● What you have to do
Transcribe the whole listing without a single picture.

● Information shown
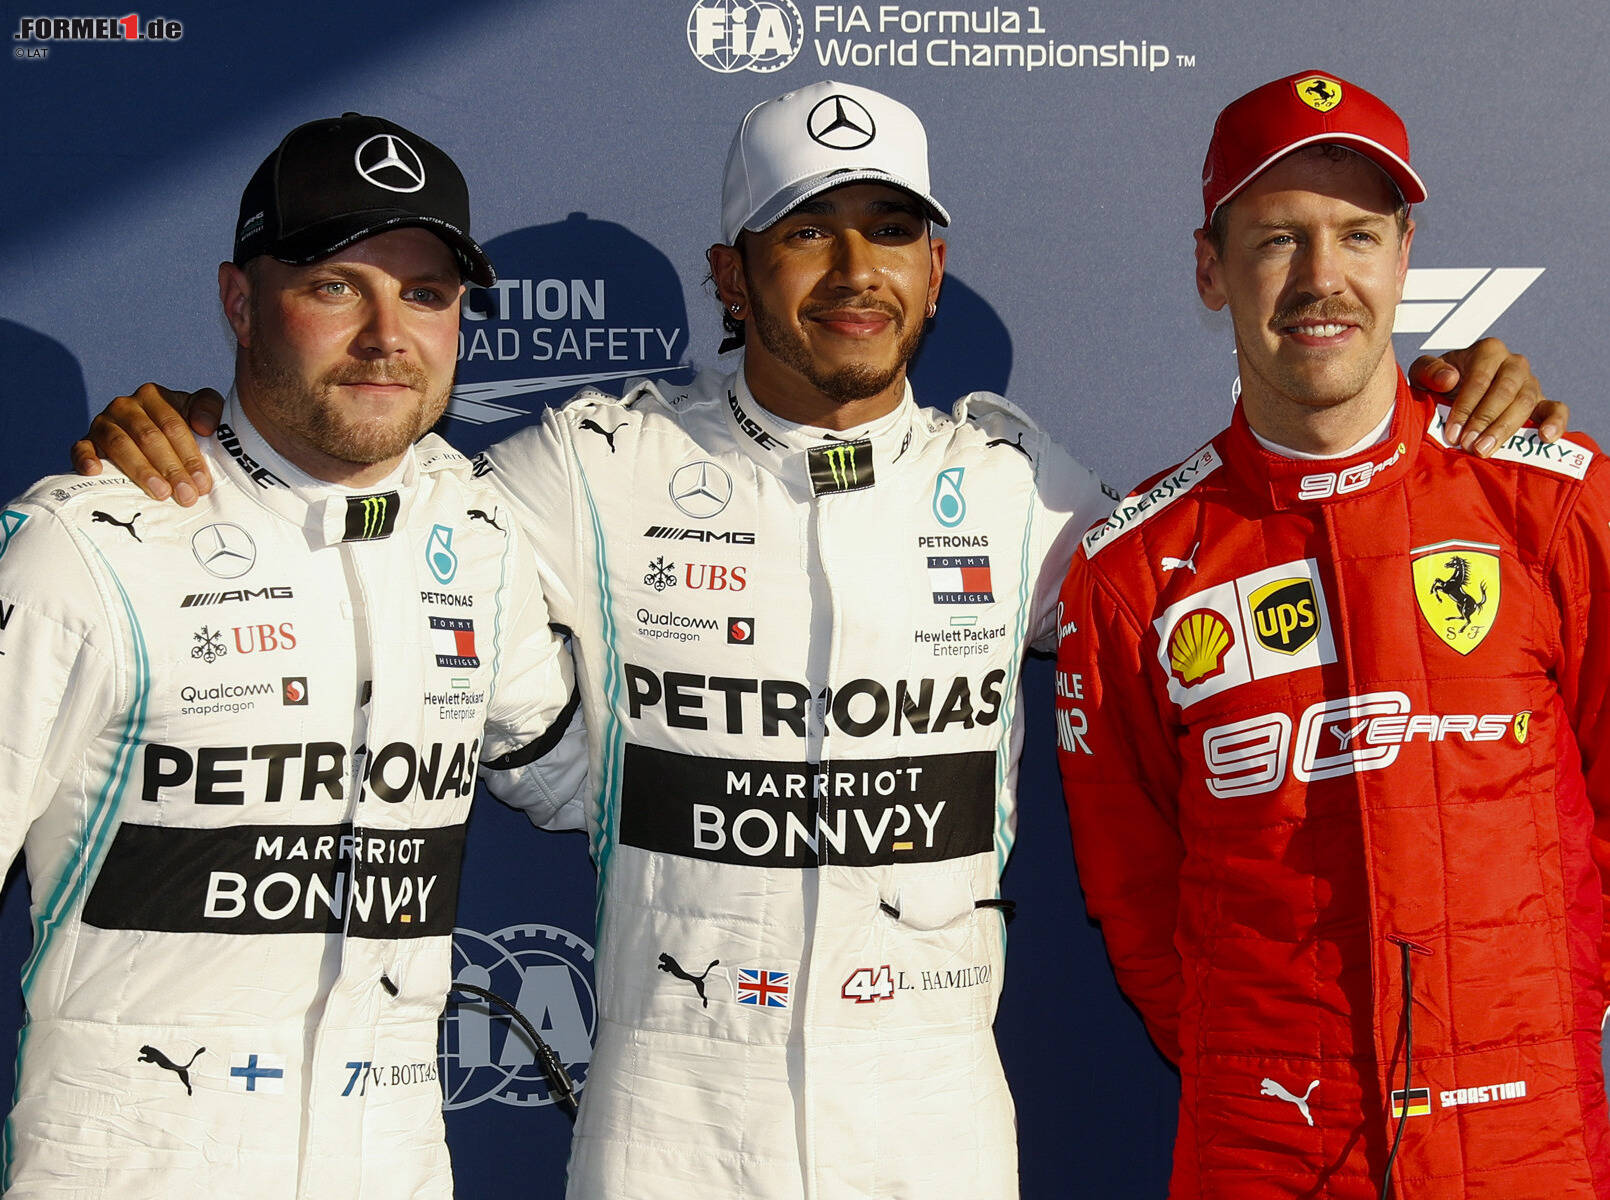 f1 qualifying - photo #33
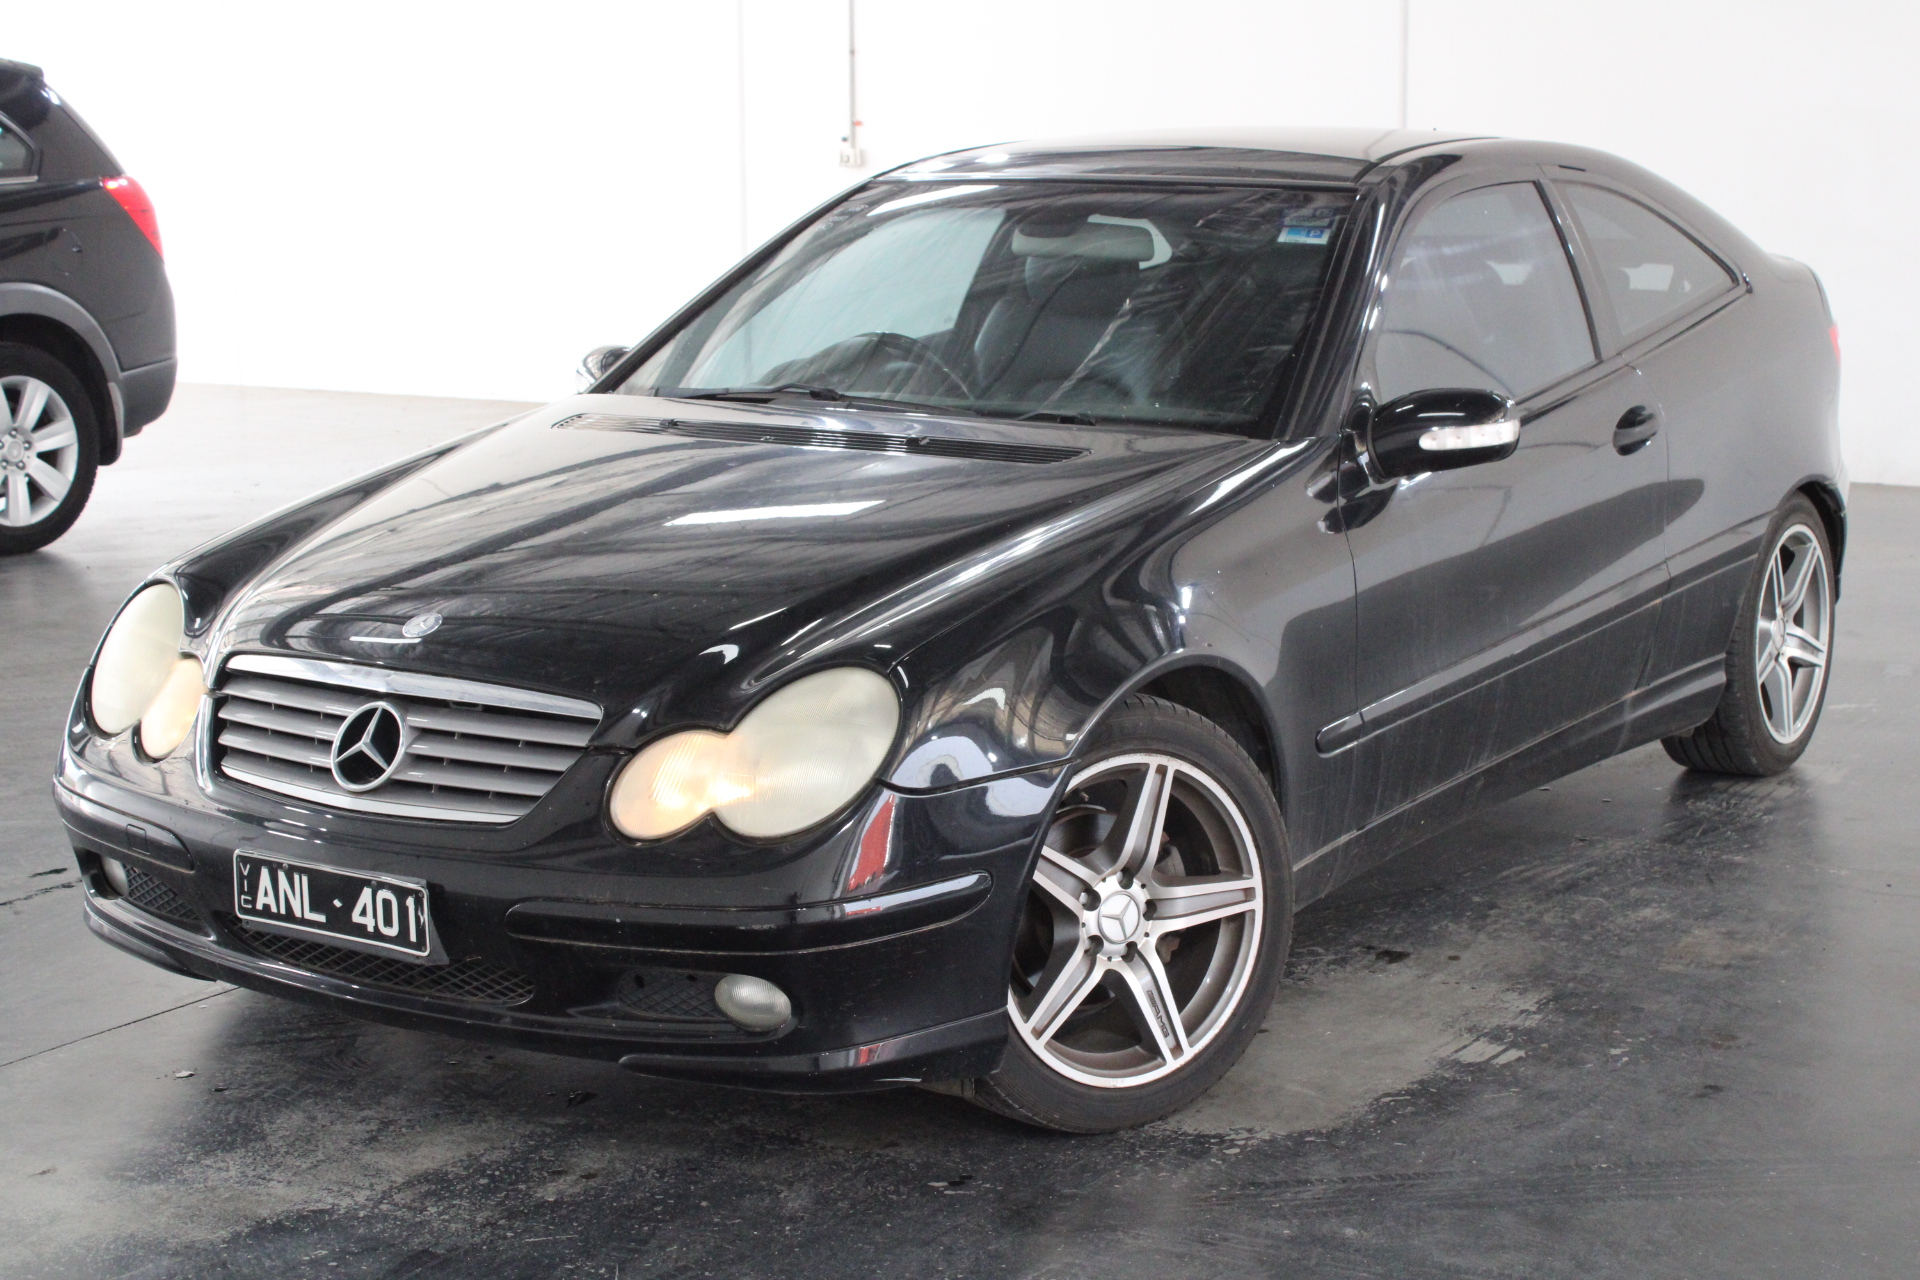 2001 Mercedes Benz C200 Kompressor CL203 Automatic Coupe
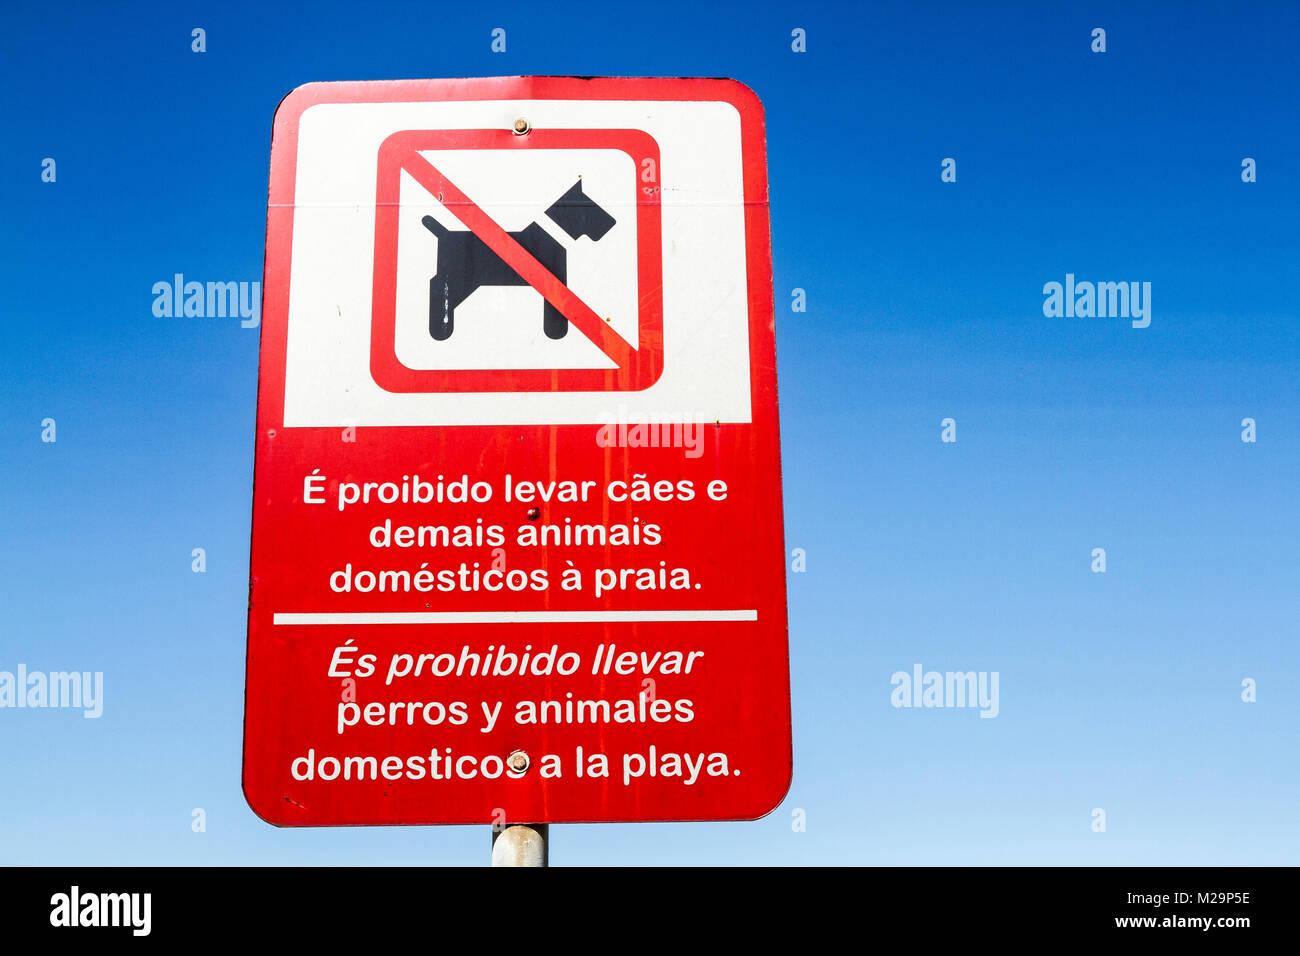 Bilingual urban signage at Meia Praia Beach. Itapema, Santa Catarina, Brazil. - Stock Image

● Exercise solution
 f1 qualifying - photo #33
 2001 Mercedes Benz C200 Kompressor CL203 Automatic Coupe
 Bilingual urban signage at Meia Praia Beach. Itapema, Santa Catarina, Brazil. - Stock Image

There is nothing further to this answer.